Appellant next argues that substantial changes in circumstances have occurred that make it unreasonable and unfair to require him to continue to pay spousal maintenance to respondent. In particular, he claims that immediately after the parties’ marriage dissolution, respondent began cohabiting with another man and began to operate a business with a significant cash flow. He insists that respondent now has resources that were not anticipated at the time of the divorce and that allow her to meet her reasonable expenses, thus eliminating her need for maintenance.
The district court determined that appellant was aware of respondent’s relationship with this other man at the time the parties entered into their stipulation. In addition, the court properly considered respondent’s needs separately from the expenses attributable to her significant other. See Sieber, 258 N.W.2d at 758 (meretricious relationship cannot form basis for reducing or terminating maintenance, unless that relationship reduces former spouse’s needs by improving her economic well-being or otherwise reducing her financial needs). Thus, the district court did not abuse its discretion in rejecting appellant’s claim that respondent’s relationship with this other man warranted modification of maintenance.
The district court also made findings on the parties’ incomes and agreed that there had been a substantial change in circumstances because both parties “are earning significantly more than at the time of the dissolution.” The court properly attempted to determine respondent’s income, given evidence that she and her significant other commingle their earnings and that unreported income is sometimes deposited into her checking account. Despite both parties’ objections to these findings, the district court did not clearly err in determining respondent’s income. See Minn. R. Civ. P. 52.01 (findings upheld unless clearly erroneous).

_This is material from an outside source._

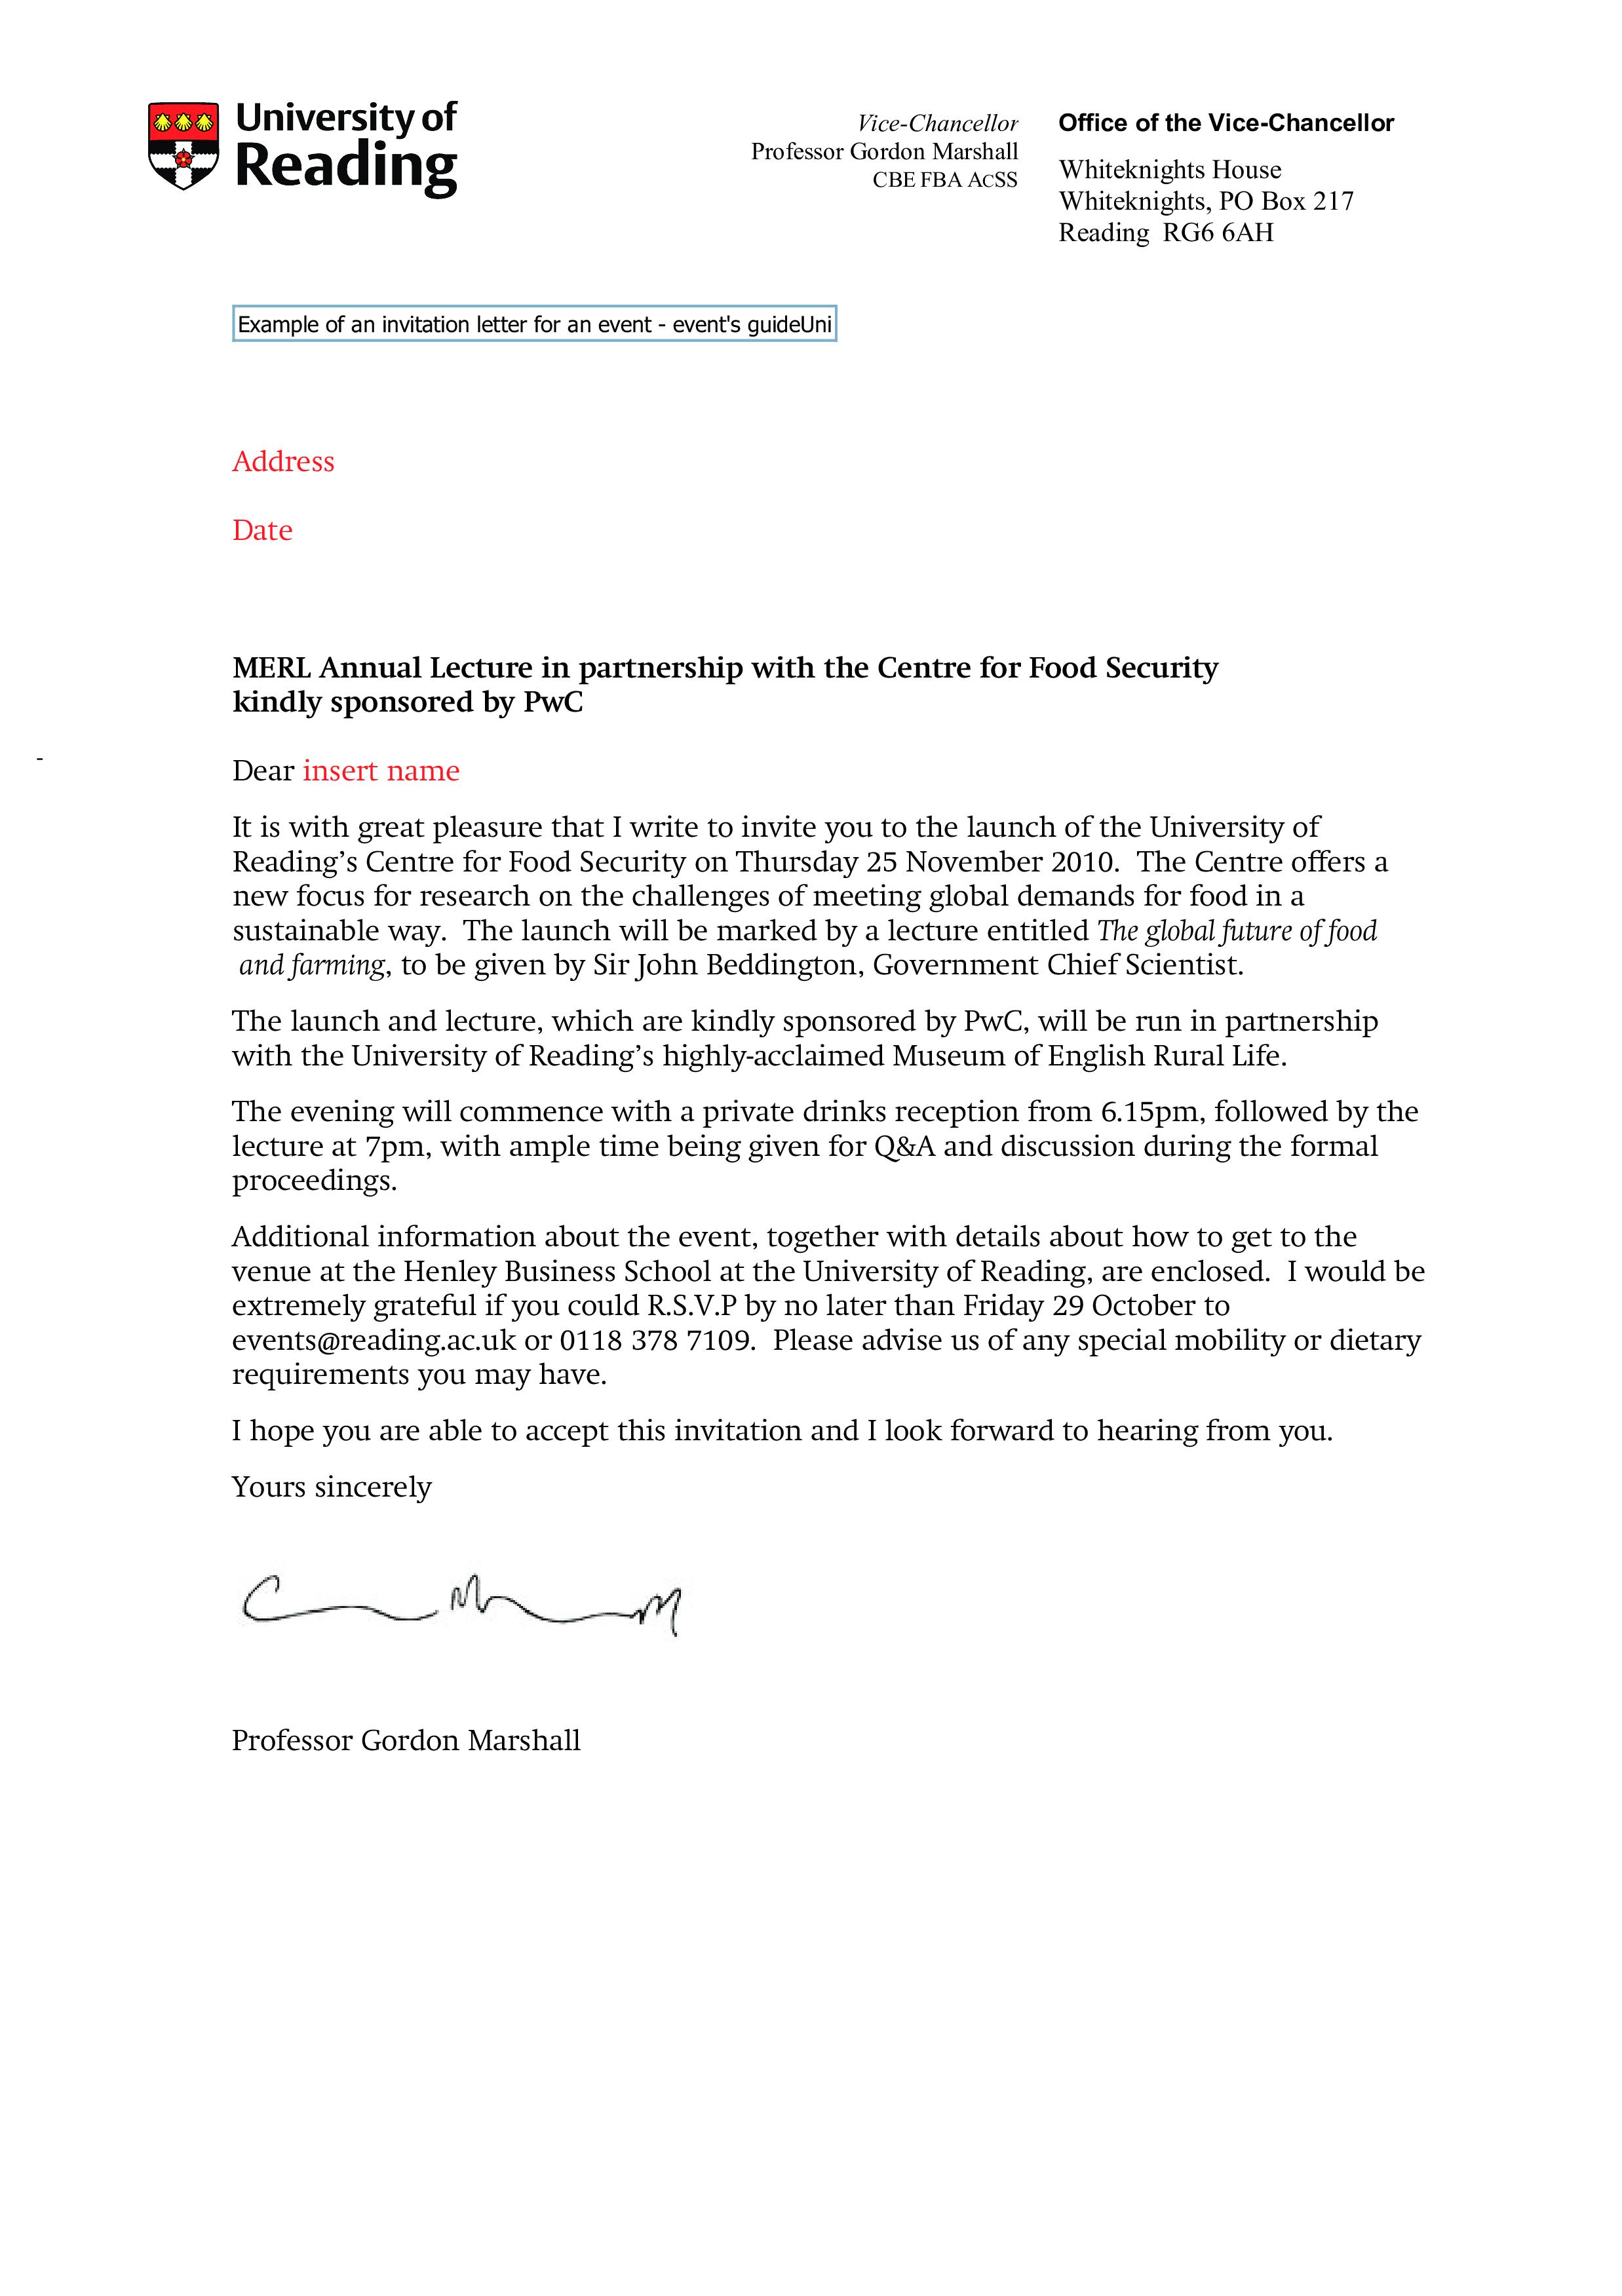 Formal Invitation Letter Sample For An Event

The district court further determined that although the changes in the parties’ incomes were substantial, they did not make the terms of the stipulated judgment unreasonable and unfair. Where a recipient’s increase in income is anticipated or necessary to allow the recipient to make ends meet, it alone does not justify a reduction in maintenance. See Tuthill v. Tuthill, 399 N.W.2d 230, 232 (Minn. App. 1987) (where amount of maintenance awarded clearly indicates that it was presumed recipient would have another source of income, recipient’s employment foreseeable); James v. James, 397 N.W.2d 587, 590 (Minn. App. 1986) (same). Here, at the time of the dissolution, respondent was 38 years old, working part time and earning a net monthly income of $580. Even with her receipt of $1,750 in maintenance, the parties had to have anticipated that respondent would need to increase her income in order to meet her needs. Thus, the district court did not abuse its discretion in determining that the increase in the parties’ incomes did not make the terms of the prior maintenance award unreasonable and unfair.
Finally, by notice of review, respondent argues that the district court abused its discretion in denying her requests for attorney fees based on the disparate incomes of the parties. See Minn. Stat. § 518.14, subd. 1 (2000) (authorizing award of need-based attorney fees in dissolution cases). Because the district court did not abuse its discretion in denying respondent’s requests for fees, we affirm. See Kitchar v. Kitchar, 553 N.W.2d 97, 104 (Minn. App. 1996) (“A [district court’s] refusal to award attorney fees will not be reversed absent a clear abuse of discretion.”), review denied (Minn. Oct. 29, 1996).